1. Field of the Invention
The present invention relates to an array substrate, a method of manufacturing the array substrate and a liquid crystal display apparatus having the array substrate. More particularly, the present invention relates to a transmissive and reflective type array substrate for preventing light leakages, a method of manufacturing the array substrate and a liquid crystal display apparatus having the array substrate.
2. Description of the Related Art
Generally, a photosensitive material for patterning an oxidation layer, a metal layer, a semiconductor layer, etc. is widely used in a process of manufacturing a semiconductor device or a liquid crystal display apparatus.
The liquid crystal display apparatus includes an array substrate having a plurality of thin film transistors, a color filter substrate having a plurality of color filters, and a liquid crystal layer interposed between the array substrate and the color filter substrate.
The liquid crystal display apparatus may be classified into a transmissive type liquid crystals display apparatus that displays images by using an artificial light, a reflective type liquid crystal display apparatus that displays images by using an ambient light, and a transmissive and reflective type liquid crystal display apparatus that has merits of the transmissive type liquid crystal display apparatus and the reflective type liquid crystal display apparatus.
FIG. 1 is a schematic cross-sectional view showing a conventional array substrate for a transmissive and reflective type liquid crystal display apparatus.
Referring to FIG. 1, a conventional array substrate for a transmissive and reflective type liquid crystal display apparatus includes a transparent substrate 10, a data line 20, an organic insulation layer 30, a pixel electrode 40 and a reflective layer 50. An image signal is transferred via the data line 20. The organic insulation layer 30 is formed on the transparent substrate 10, such that the organic insulation layer 30 defines a reflective region R and a transmissive region T. The pixel electrode 40 is formed on the organic insulation layer 30, and the pixel electrode 40 receives the image signal. The reflective layer 50 is formed on the pixel electrode 40 or on the organic insulation layer 30 to reflect an ambient light.
The organic insulation layer 30 is formed in the reflective region R, but not formed in the transmissive region T. Therefore, a light Al generated from a backlight passes through the transmissive region T, and an ambient light Nl is reflected on the reflective layer 50. Liquid crystal molecules are disposed over the pixel electrode 40 and the reflective layer 50.

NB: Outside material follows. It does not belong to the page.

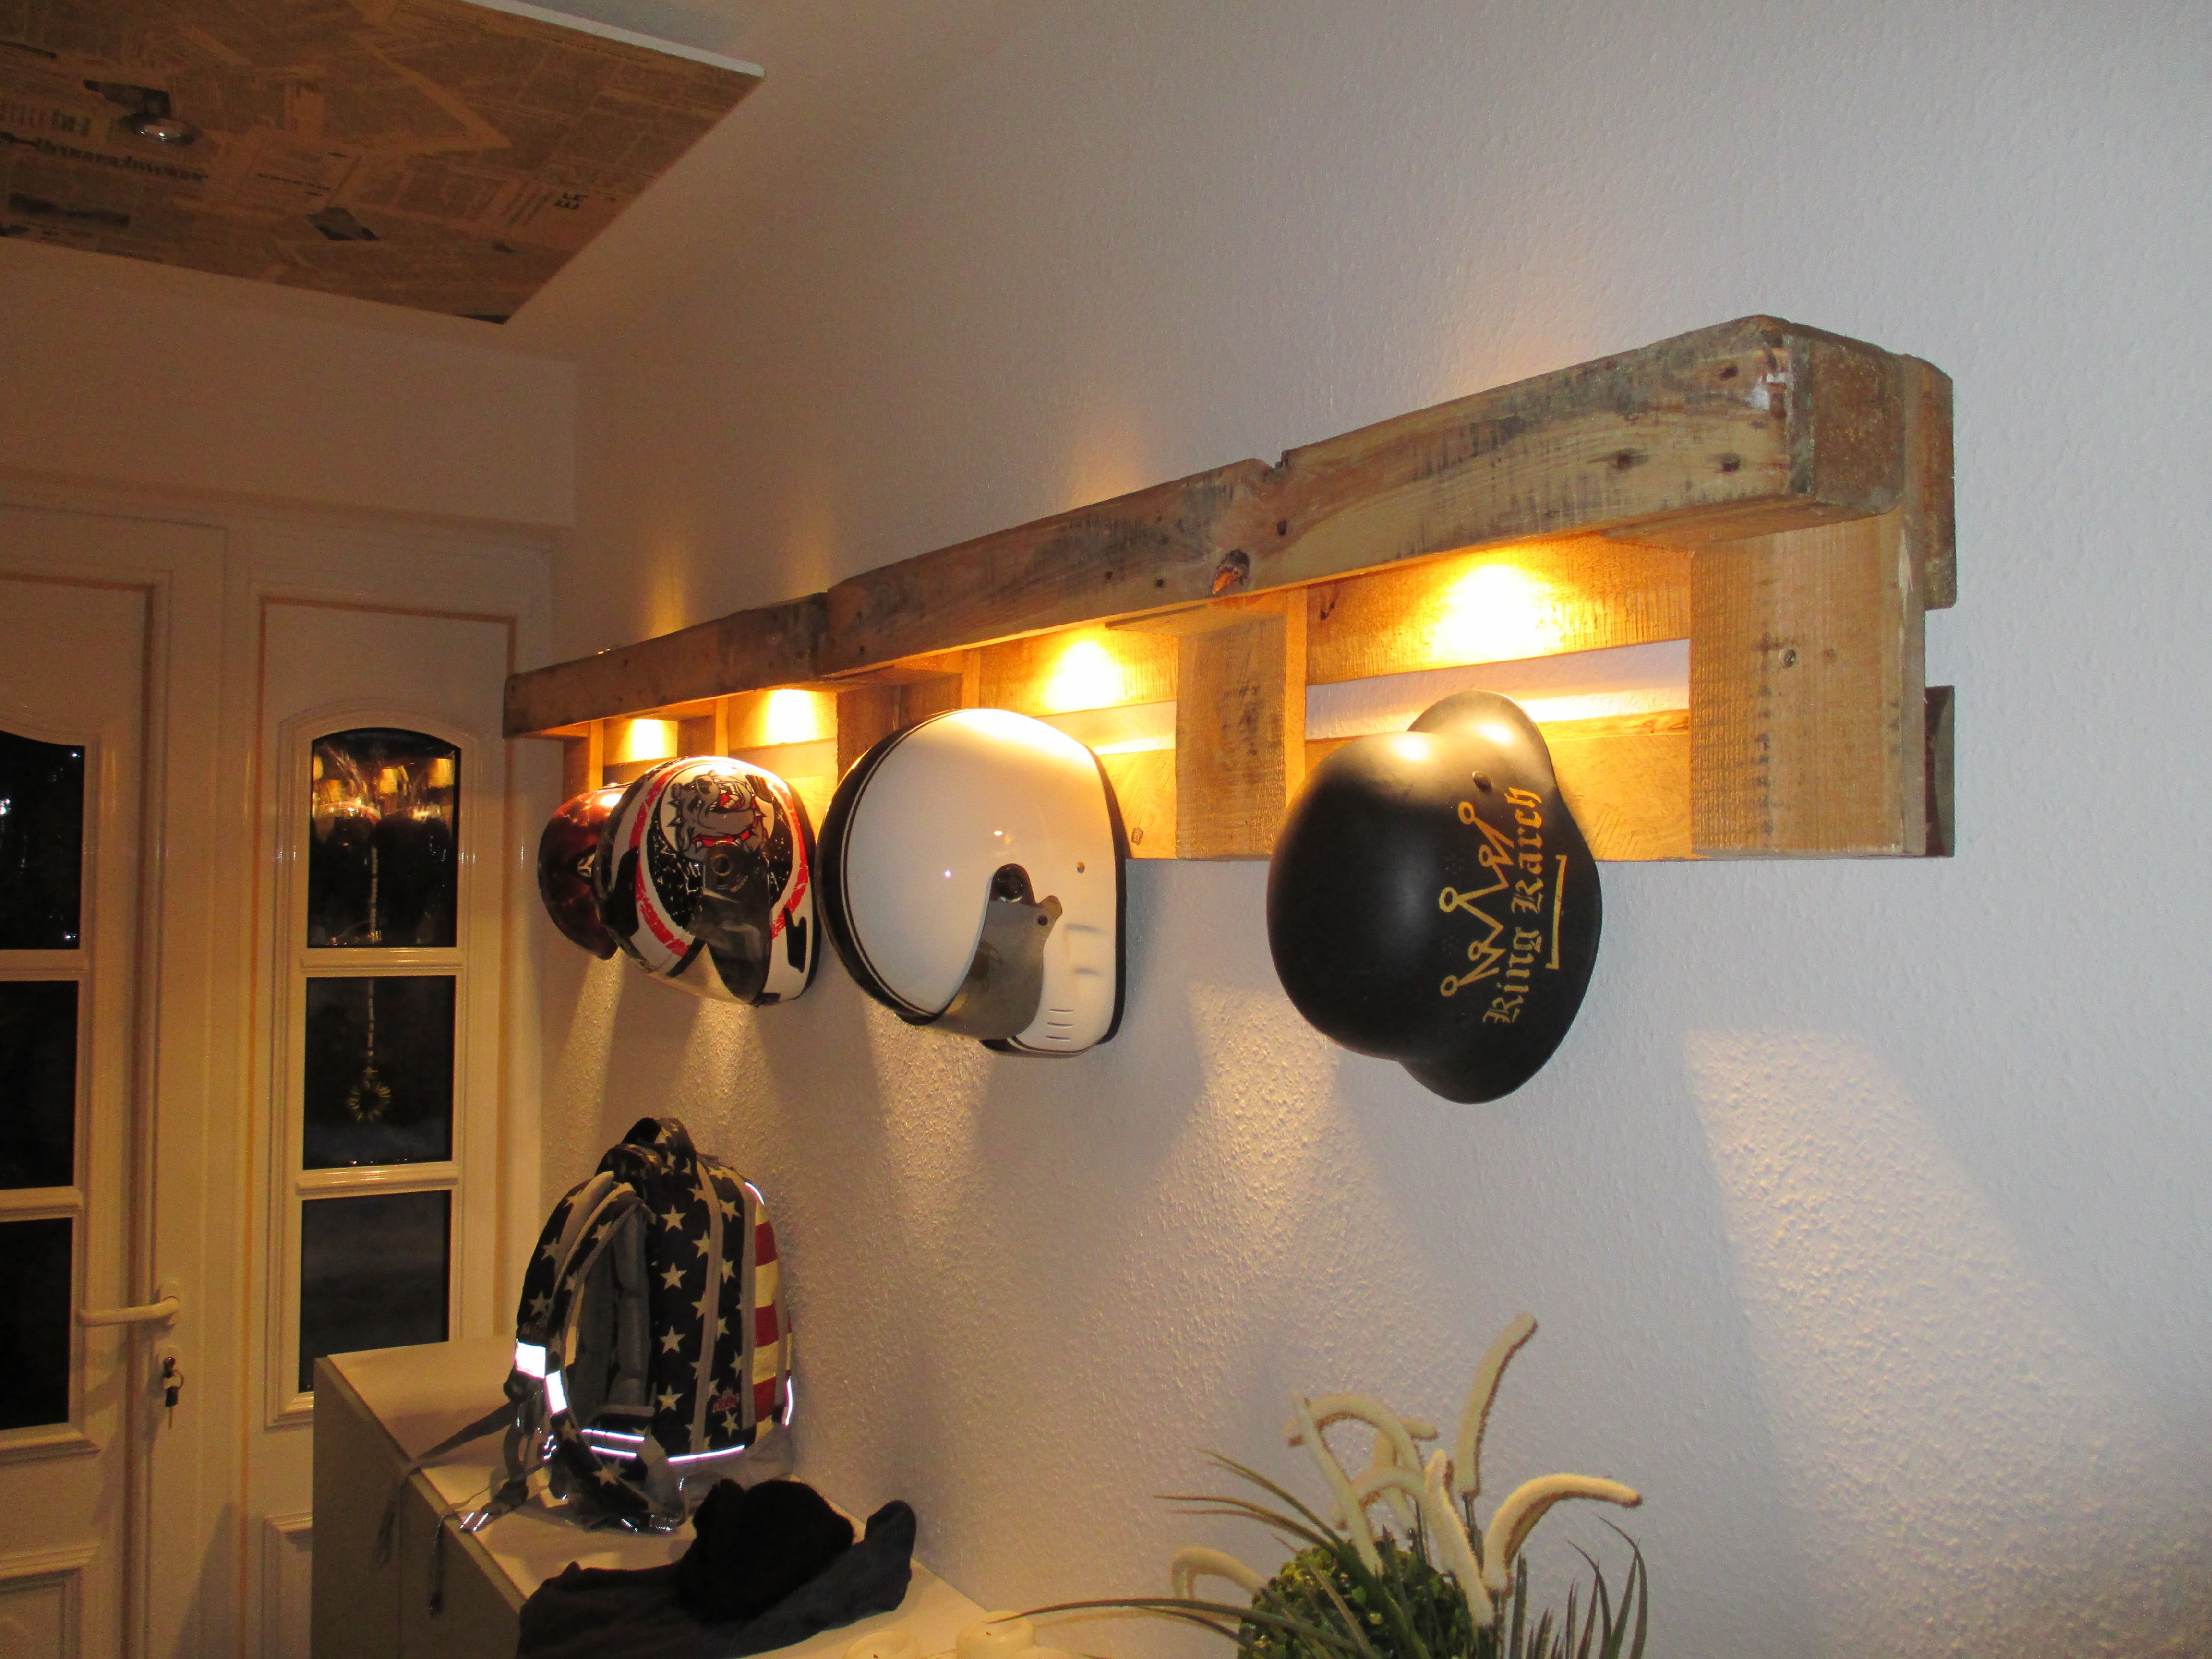 Helmhalter Aus Europaletten Mit Integrierter Led Beleuchtung Helmhalter Deko Ideen Schoner Wohnen

Characteristics of displayed images depend on an arrangement of the liquid crystal molecules, and response of the liquid crystal molecules are changed in accordance with electric fields that are applied to the liquid crystal molecules. Therefore, a process of manufacturing the liquid crystal display apparatus includes an alignment process for uniform alignment of liquid crystal molecules.
The alignment process includes a coating process for coating an alignment film, and a rubbing process for aligning the liquid crystal molecules according to a pretilt angle. When the rubbing process is not uniform throughout the alignment film, the alignment of the liquid crystal molecules is irregular to induce a locally irregular arrangement of the liquid crystal molecules. In case of the transmissive and reflective type liquid crystal display apparatus, above described problems become more serious.
As shown in FIG. 1, liquid crystal molecules are arranged in accordance with a rubbing direction Rd, such that the liquid crystal molecules form a pretilt angle. However, even when rubbing grooves are uniformly formed via the rubbing process, the pretilt angle of first and second inclined portions (or boundary regions) ‘A’ and ‘B’ is not uniform. That is, liquid crystal molecules of the reflective region R and the transmissive region T maintain a uniform pretilt angle, but pretilt angle of liquid crystal molecules disposed in the first and second inclined portions ‘A’ and ‘B’ is not identical with the uniform pretilt angle due to an inclination. As a result, a light generated from a backlight assembly leaks through the first and second inclined portions ‘A’ and ‘B’ to induce an inferiority of a display quality.
FIG. 2 is a schematic plan view of the conventional transmissive and reflective type liquid crystal display apparatus showing a light leakage caused by an abnormal pretilt angle. In FIG. 2, rectangular shape that is not hatched represents the transmissive region ‘T’ of FIG. 1, and ‘CNT’ represents a contact hole through which drain electrode of a switching device and a pixel electrode are electrically connected to each other.
As explained above, a light leaks through a boundary region ‘E’ of the transmissive region ‘T’ and the reflective region ‘R’. Especially, the light leaks much at the boundary region ‘E’ between the reflective region and the transmissive region arranged in that sequence along a rubbing direction Rd.
Furthermore, when the transmissive and reflective type liquid crystal display panel is used as a touch screen panel, a display defect caused by moisture may occur as well as the light leakage. When the touch screen panel is compressed, electric fields of the boundary region becomes unstable to induce an abnormal arrangement of the liquid crystal molecules. Therefore, a fatal light leakage occurs, so that an afterimage remains at the boundary region and moisture gathers at the surface of the touch screen panel.
As described above, the light leakage caused by an abnormal arrangement of liquid crystal molecules disposed in a boundary region between a reflective region and a transmissive region comes out as problems.